While there are no Pennsylvania cases which specifically state that grand jury witnesses are protected by judicial immunity, the policy reasons set forth to justify this immunity to participants in judicial proceedings seem to apply equally to grand jury proceedings. Grand jurors under common law have historically been protected: Butz v. Economow, 438 U.S. 478, 57 L.Ed. 2d 895, 919 (1978); Imbler v. Pachtman, 424 U.S. 409, 422-23, n.20 (1976). Moreover, it is a function of the court to supervise grand juries and control their proceedings: Pirillo v. Takiff, 462 Pa. 511, 524, 341 A. 2d *89896, 902 (1975); In re January 1974 Special Investigating Grand Jury, 238 Pa. Superior Ct. 479, 482, 357 A. 2d 628, 630 (1976). Therefore, grand jury proceedings are clearly judicial proceedings, and grand jury witnesses have the same immunity from civil suit based on their testimony as do witnesses in other judicial proceedings. See State v. Tillett, 111 So. 2d 716 (Fla. 1959); Com. v. Duncan, 127 Ky. 47, 53, 104 S.W. 997, 999 (1907); Schultz v. Strauss, 127 Wis. 325, 106 N.W. 1066 (1906). Indeed, this absolute immunity has been recently extended to witnesses before legislative committees: Jennings v. Cronin, _Pa. Superior Ct__, 389 A. 2d 1183 (1978).
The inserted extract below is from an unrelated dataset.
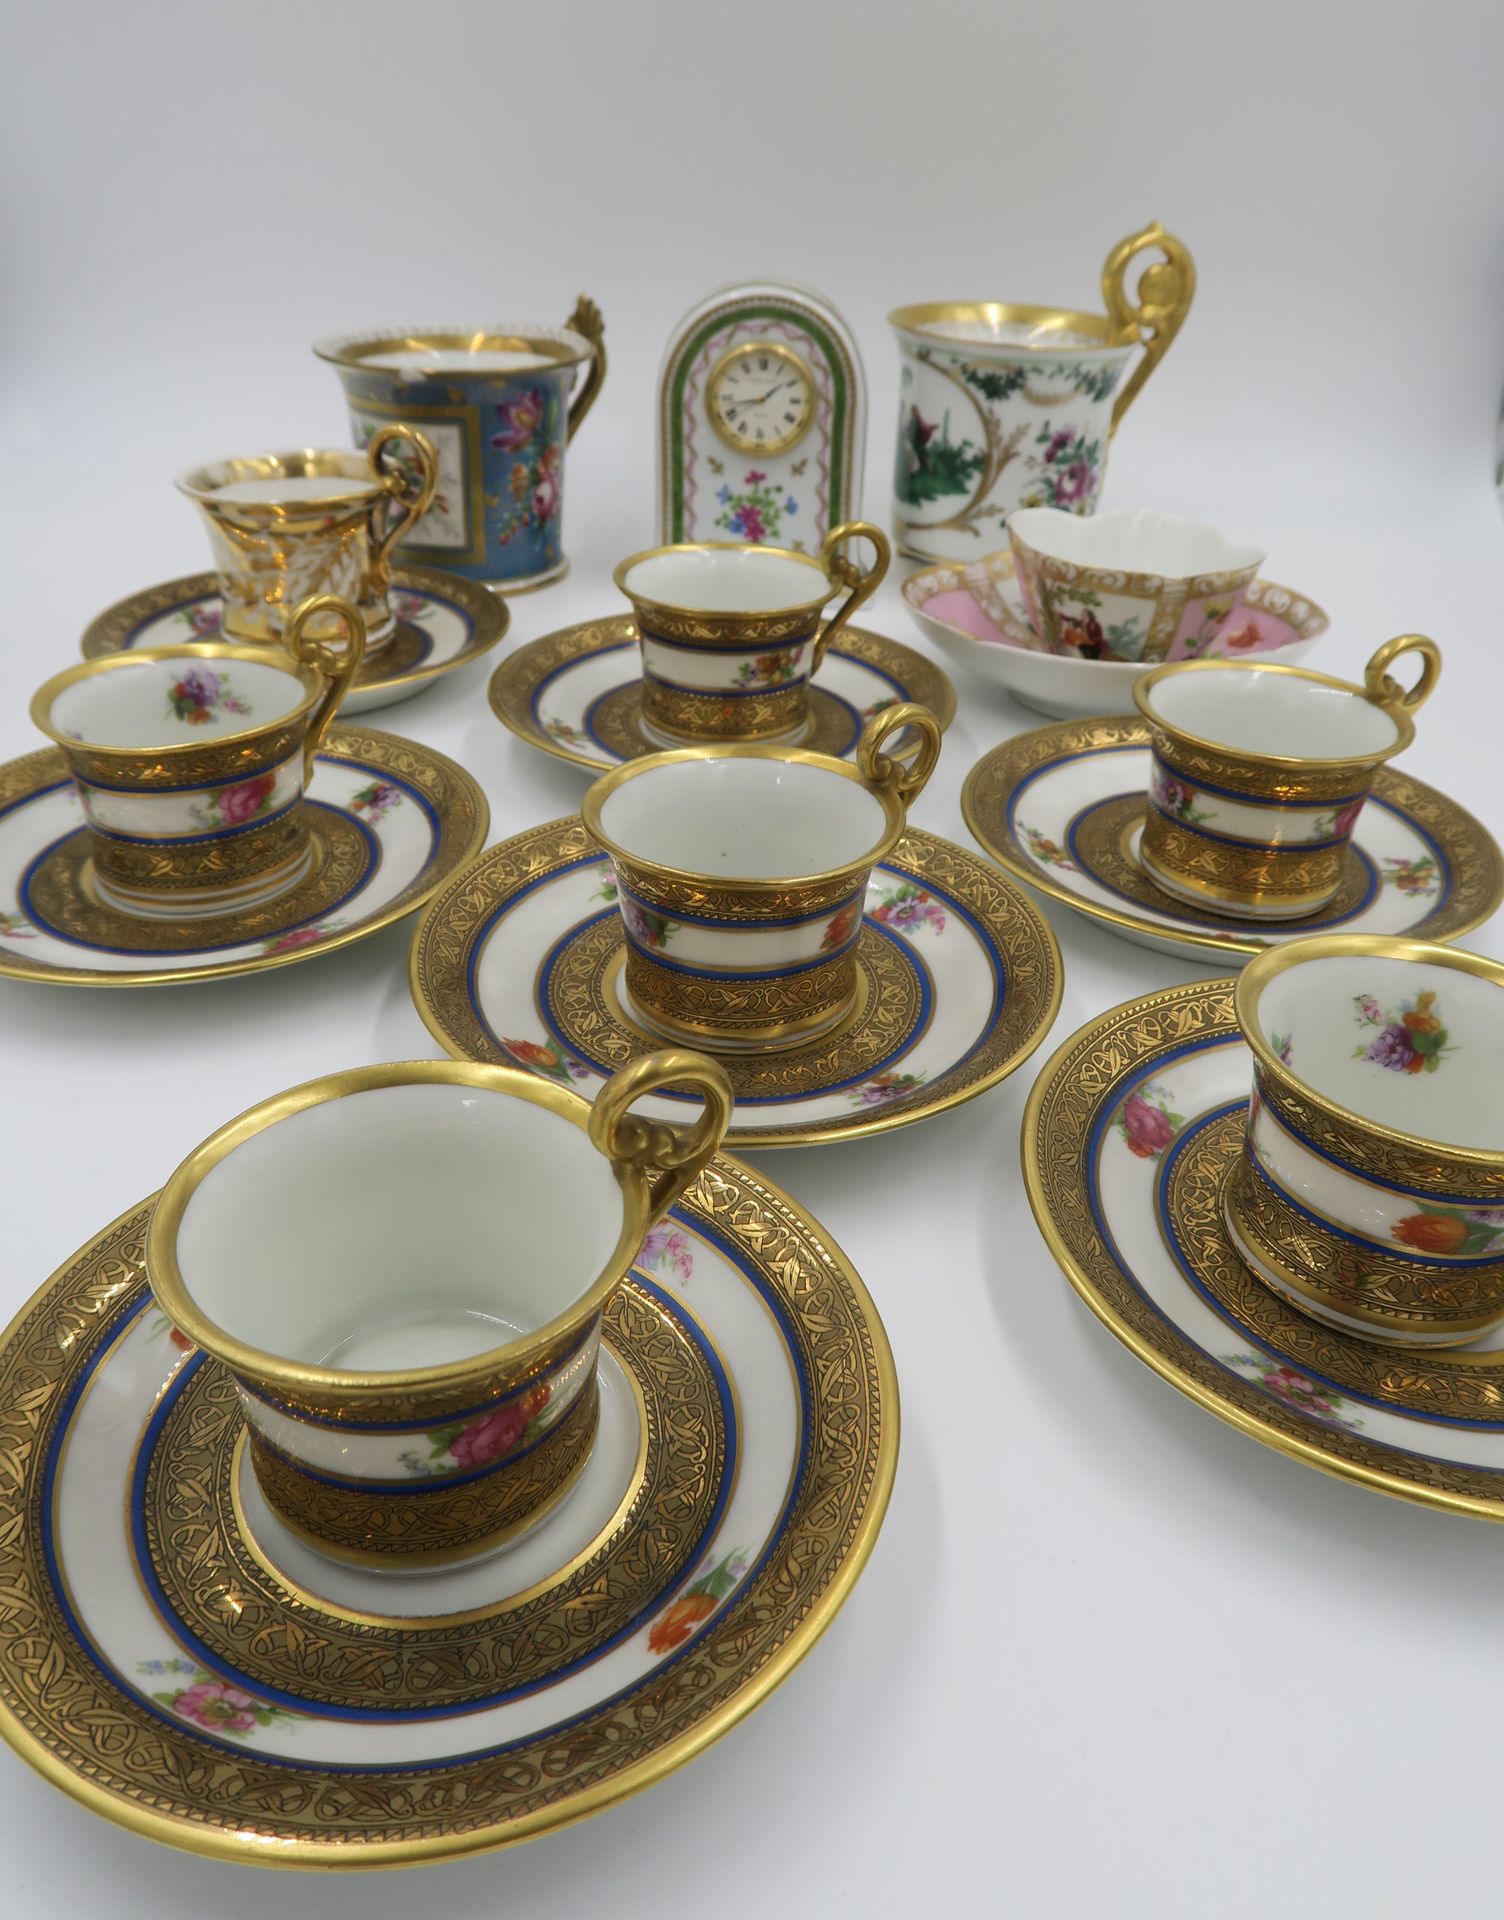 Null 瓷器摩卡套装，20世纪，有多色装饰和金色卷轴，一个另一型号的杯和碟，两个损坏的升杯，一个多叶形的杯子

附有一个哈维兰石英钟

The only qualification which seems to be placed on the immunity granted to judicial witnesses is that the privileged testimony must be relevant and pertinent to the proceedings: Greenberg v. Aetna Insurance Company, supra; Barto v. Felix, 250 Pa. Superior Ct. 262, 266, 378 A. 2d 927, 929 (1977); Restatement, 2d, Torts, §588. Where the relevancy and pertinency of the testimony is in question, all doubt should be resolved in favor of relevancy and pertinency: Greenberg v. Aetna Insurance Company, supra. Since plaintiff has not averred in his complaint that the testimony was not relevant and pertinent to the grand jury investigations, it can be inferred that the testimony was relevant and pertinent.

ORDER

And now, April 2, 1979, it is hereby ordered and decreed that defendant’s preliminary objections are sustained, and that plaintiff’s complaint is dismissed.